━━━━━ DATA PROVIDED ━━━━━

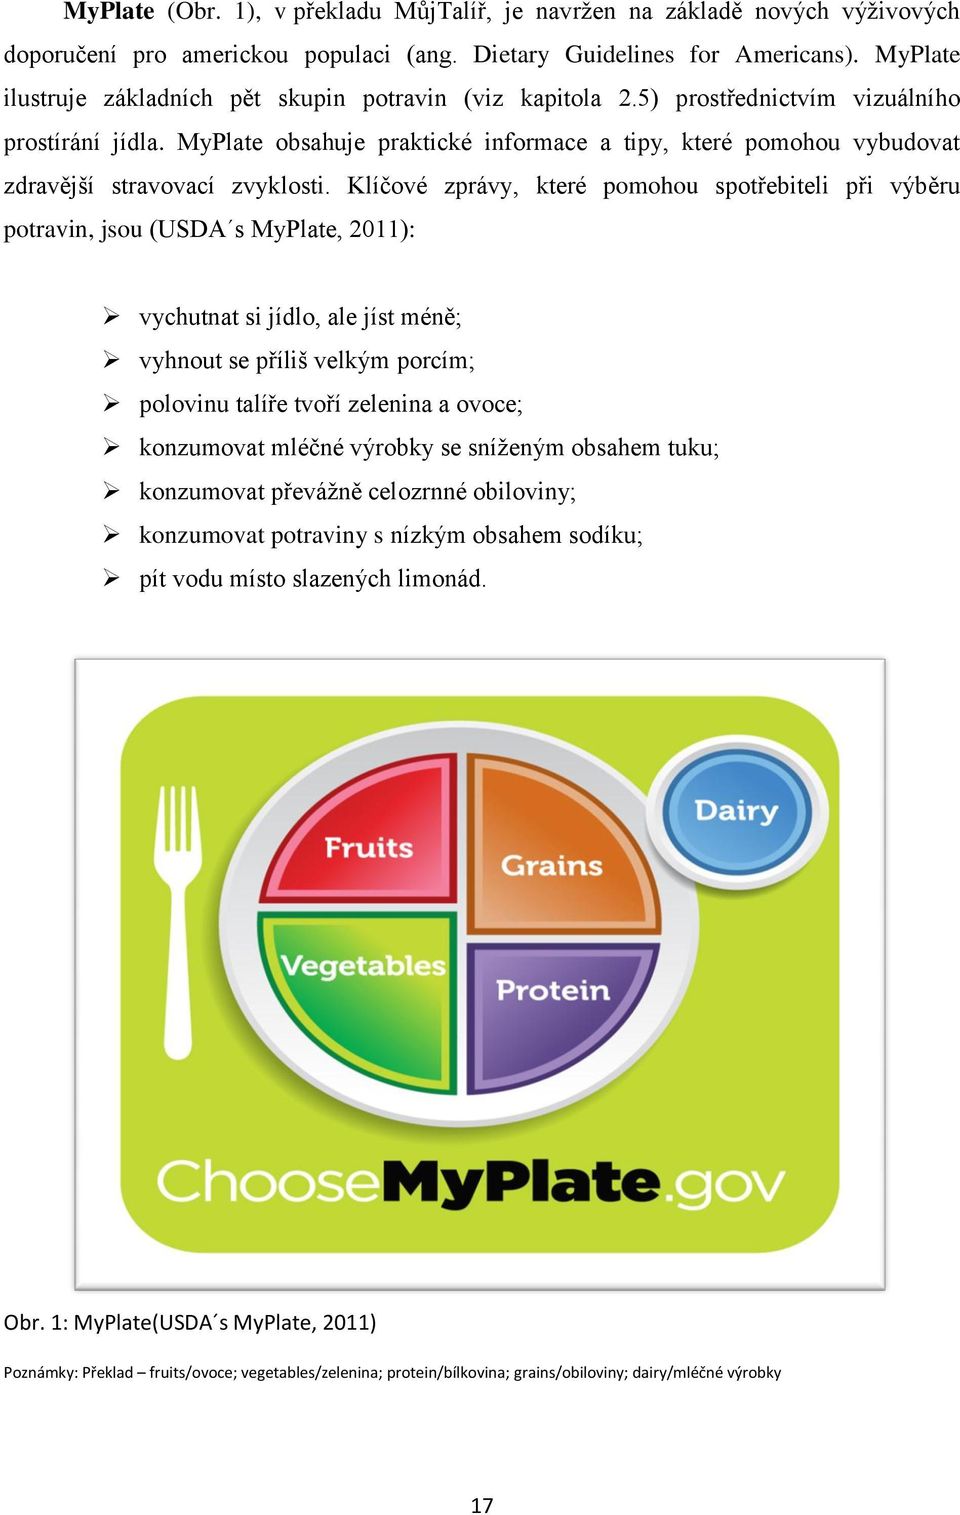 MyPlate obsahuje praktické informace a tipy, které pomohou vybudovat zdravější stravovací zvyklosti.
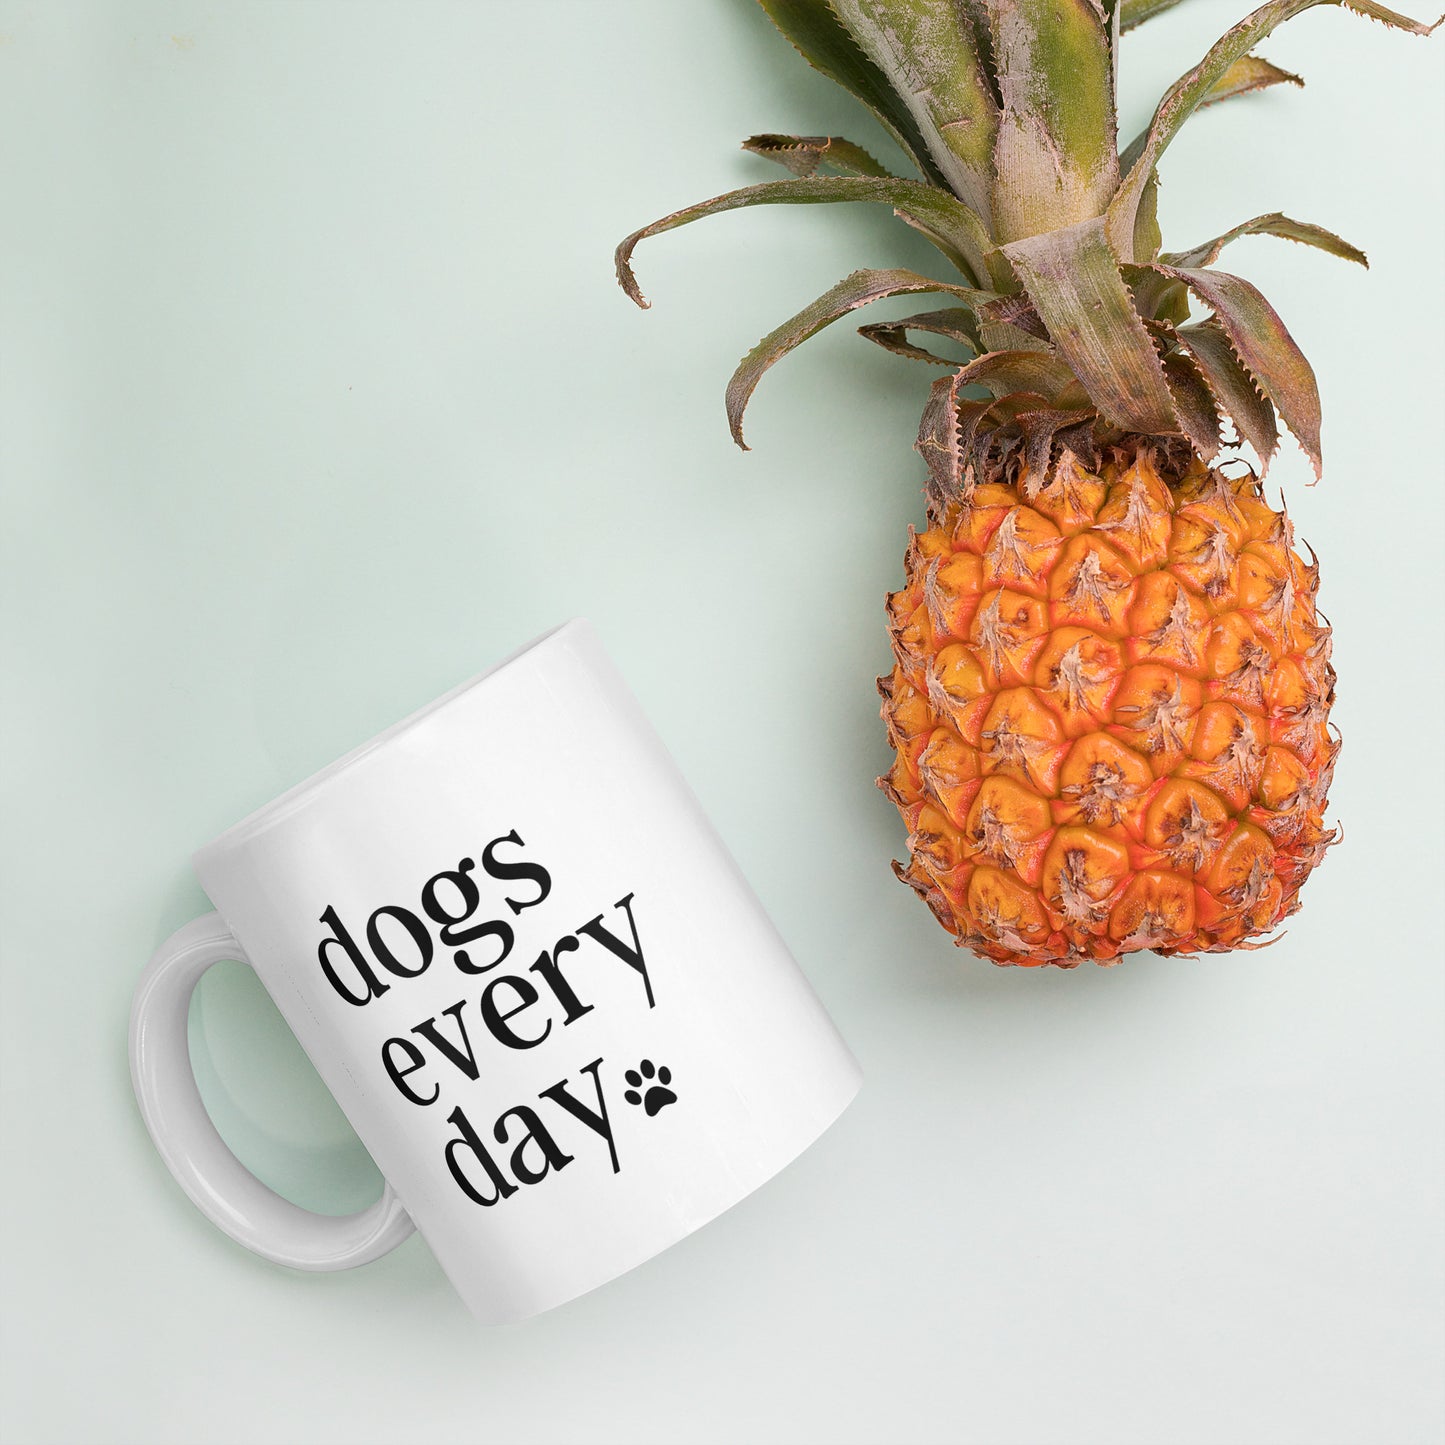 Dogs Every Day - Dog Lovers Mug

━━━━━
━━━━━ DATA PROVIDED ━━━━━

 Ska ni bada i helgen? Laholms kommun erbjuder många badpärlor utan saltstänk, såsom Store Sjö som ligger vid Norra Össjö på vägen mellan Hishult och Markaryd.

━━━━━

From the listing above, restate verbatim the lines running from the one with "MyPlate obsahuje praktické" through the one with "Dogs Every Day - Dog Lovers Mug", inclusive, but not the pictures.

 MyPlate obsahuje praktické informace a tipy, které pomohou vybudovat zdravější stravovací zvyklosti.
 Dogs Every Day - Dog Lovers Mug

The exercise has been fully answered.